- Task item
From top to bottom, return the listing exactly as it appears, omitting its images.

- Exercise data
╭──

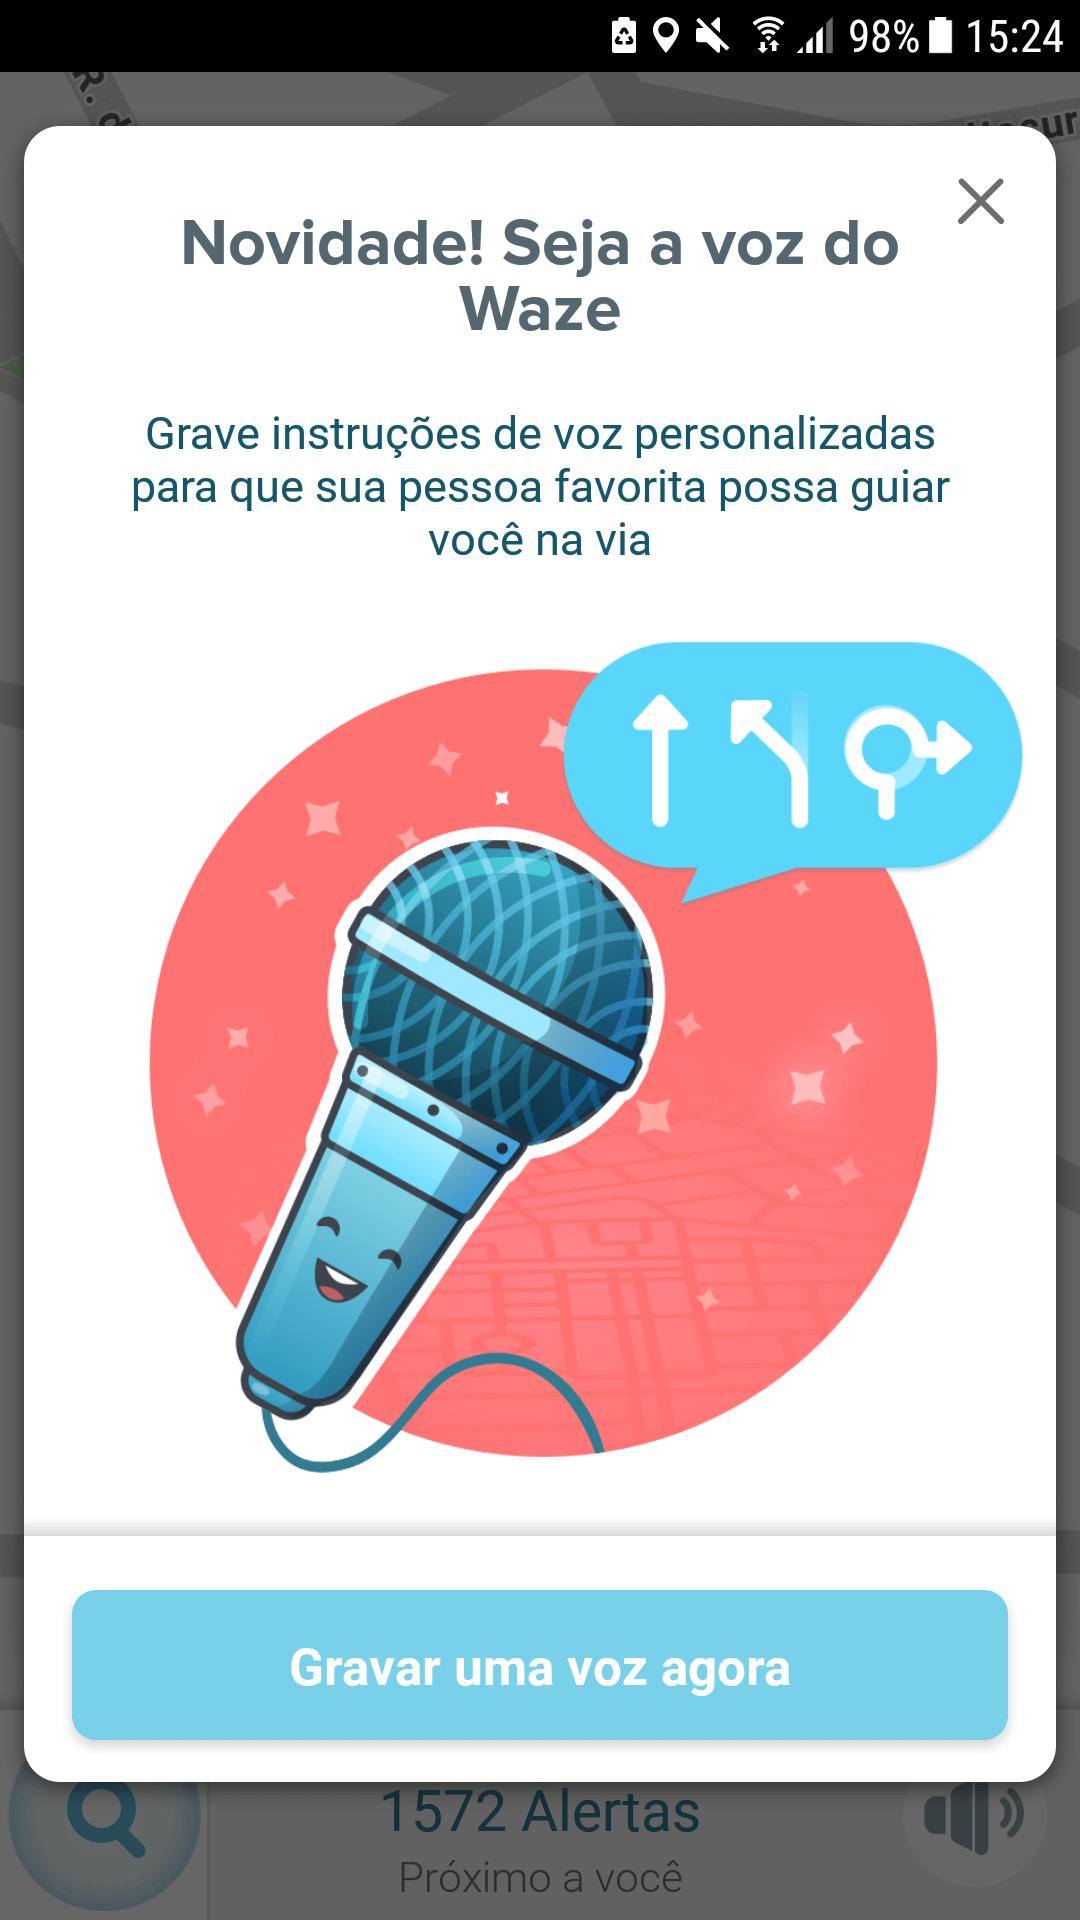 waze-gravacao-voz.png
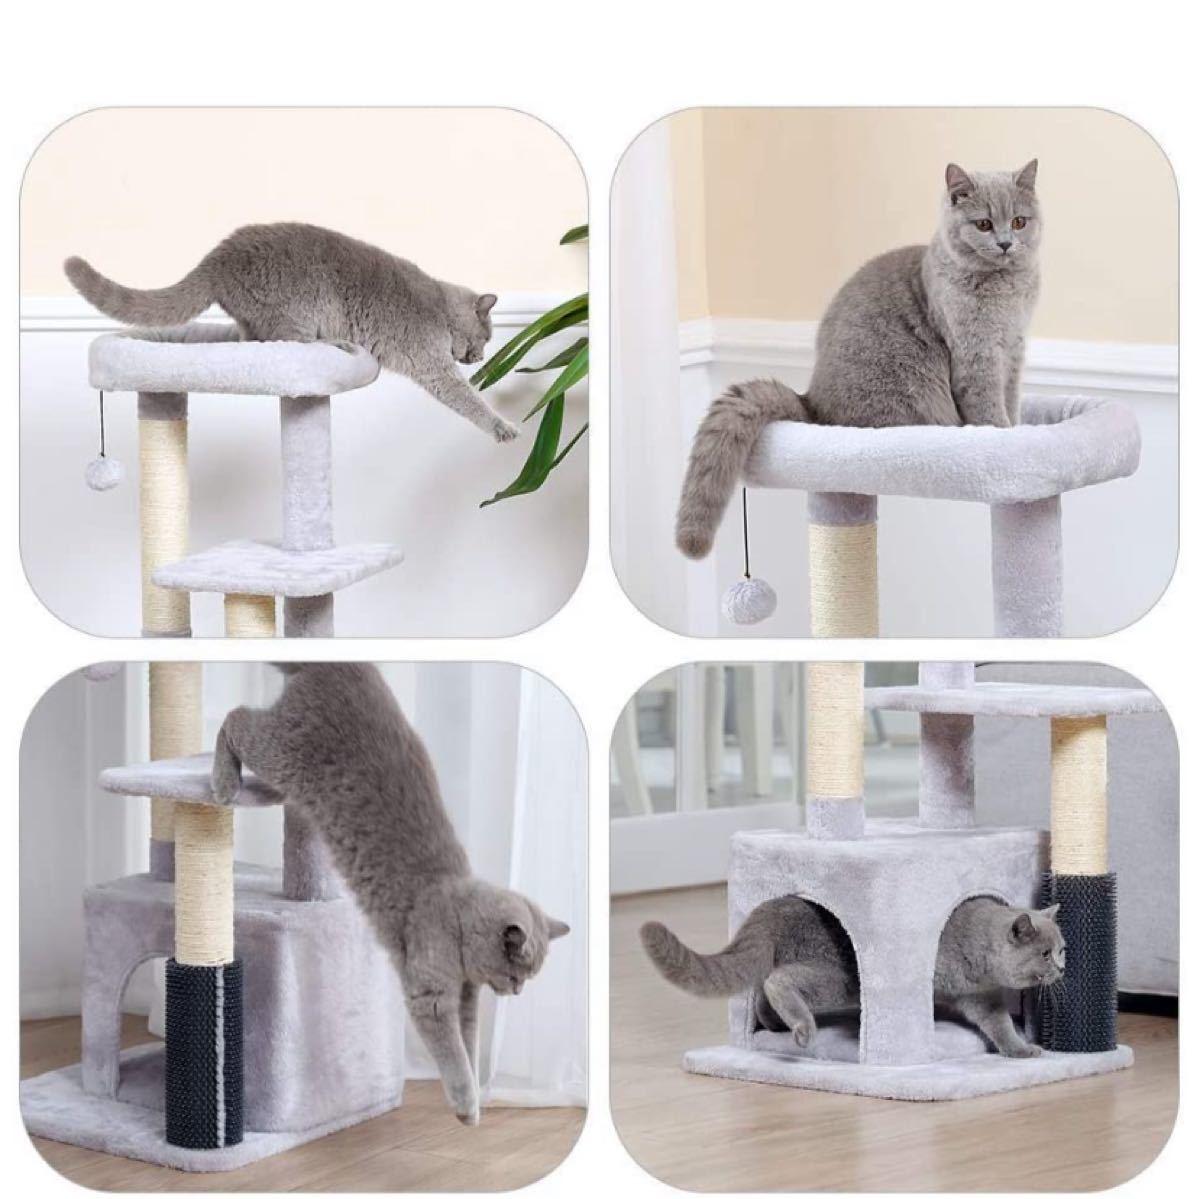 キャットタワー 爪とぎ ミニ猫タワー 小型猫タワー 猫ハウス 据え置き
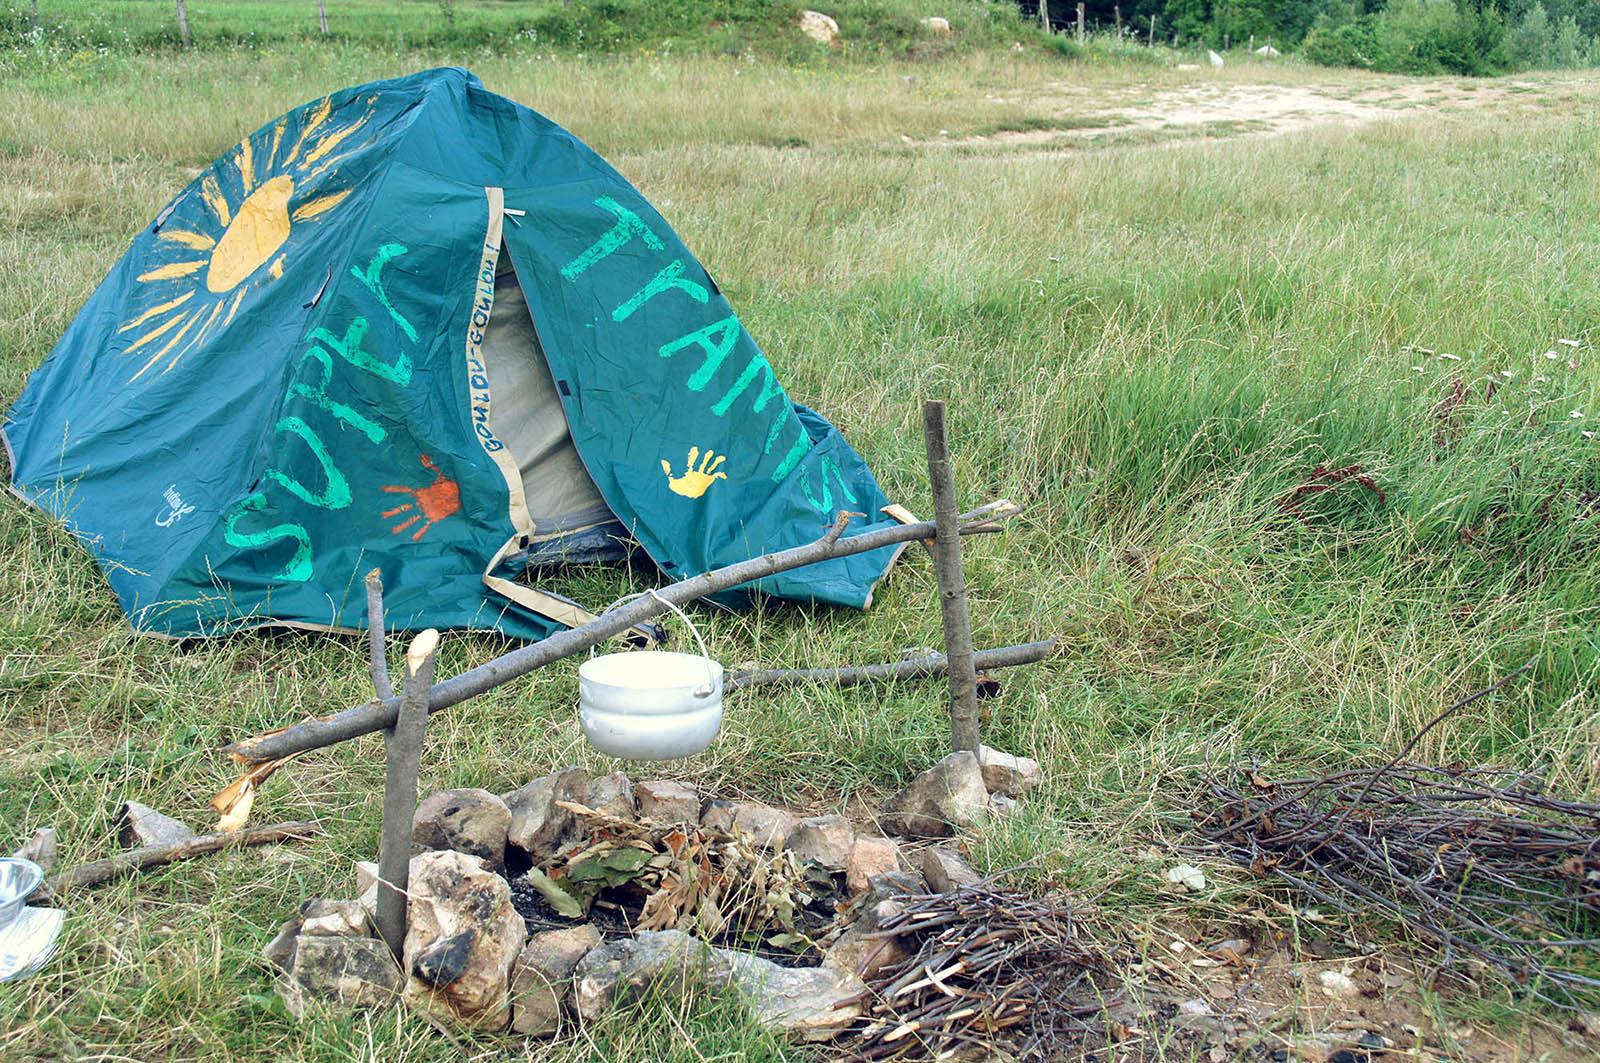 В Боснии я разбила маленький лагерь на берегу озера, которого нет на картах
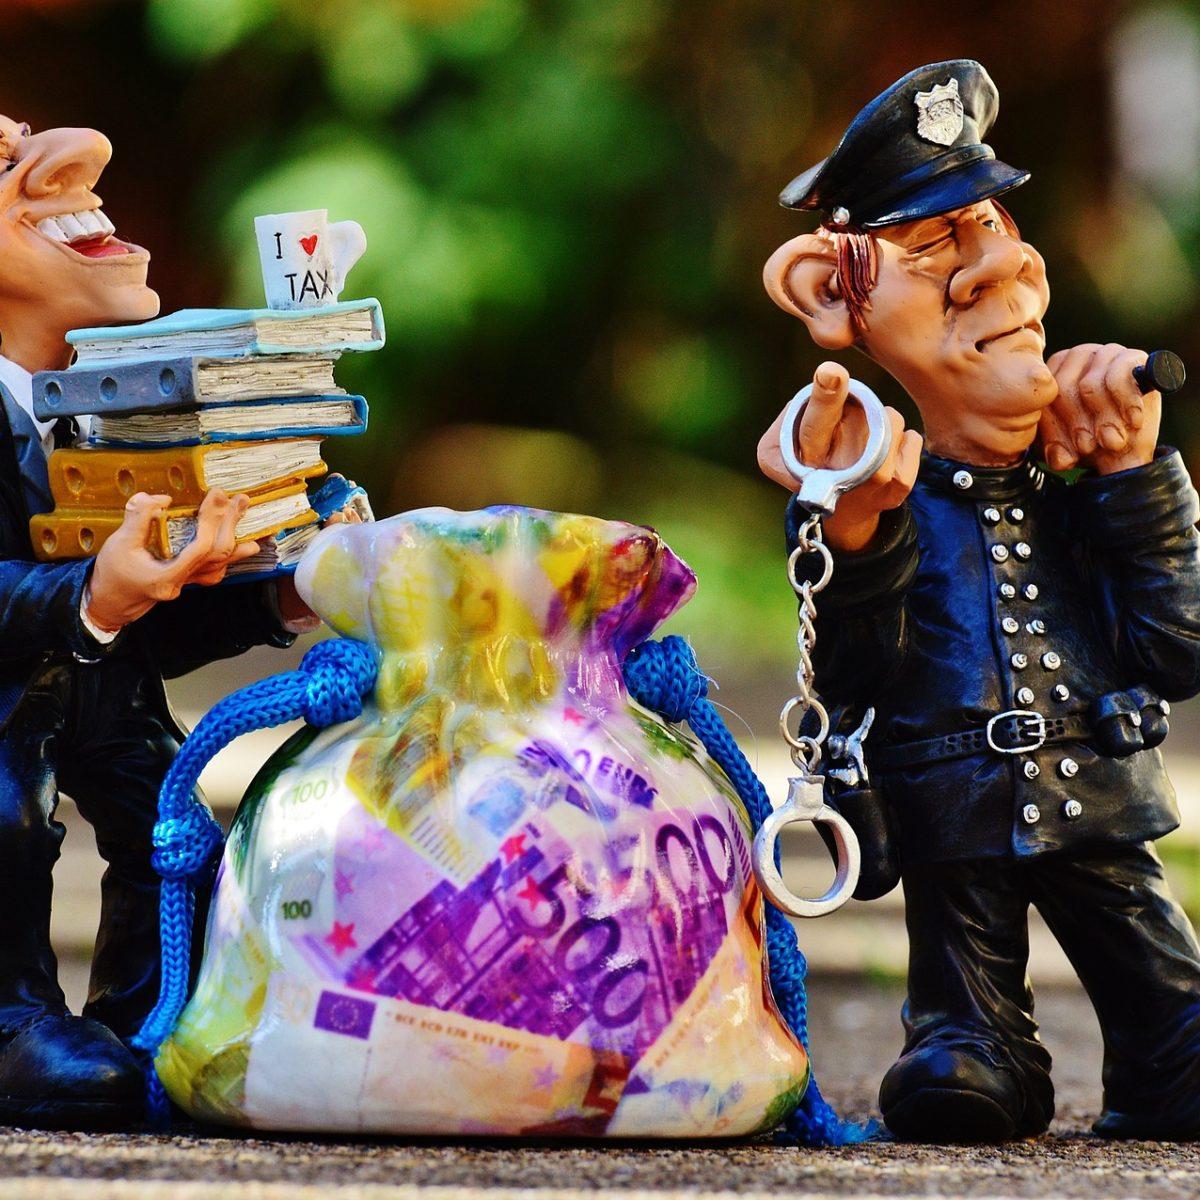 contentieux et fraude fiscale - policier arrêtant un évadé fiscal

╰──

- Output below
 waze-gravacao-voz.png
 キャットタワー 爪とぎ ミニ猫タワー 小型猫タワー 猫ハウス 据え置き
 В Боснии я разбила маленький лагерь на берегу озера, которого нет на картах
 contentieux et fraude fiscale - policier arrêtant un évadé fiscal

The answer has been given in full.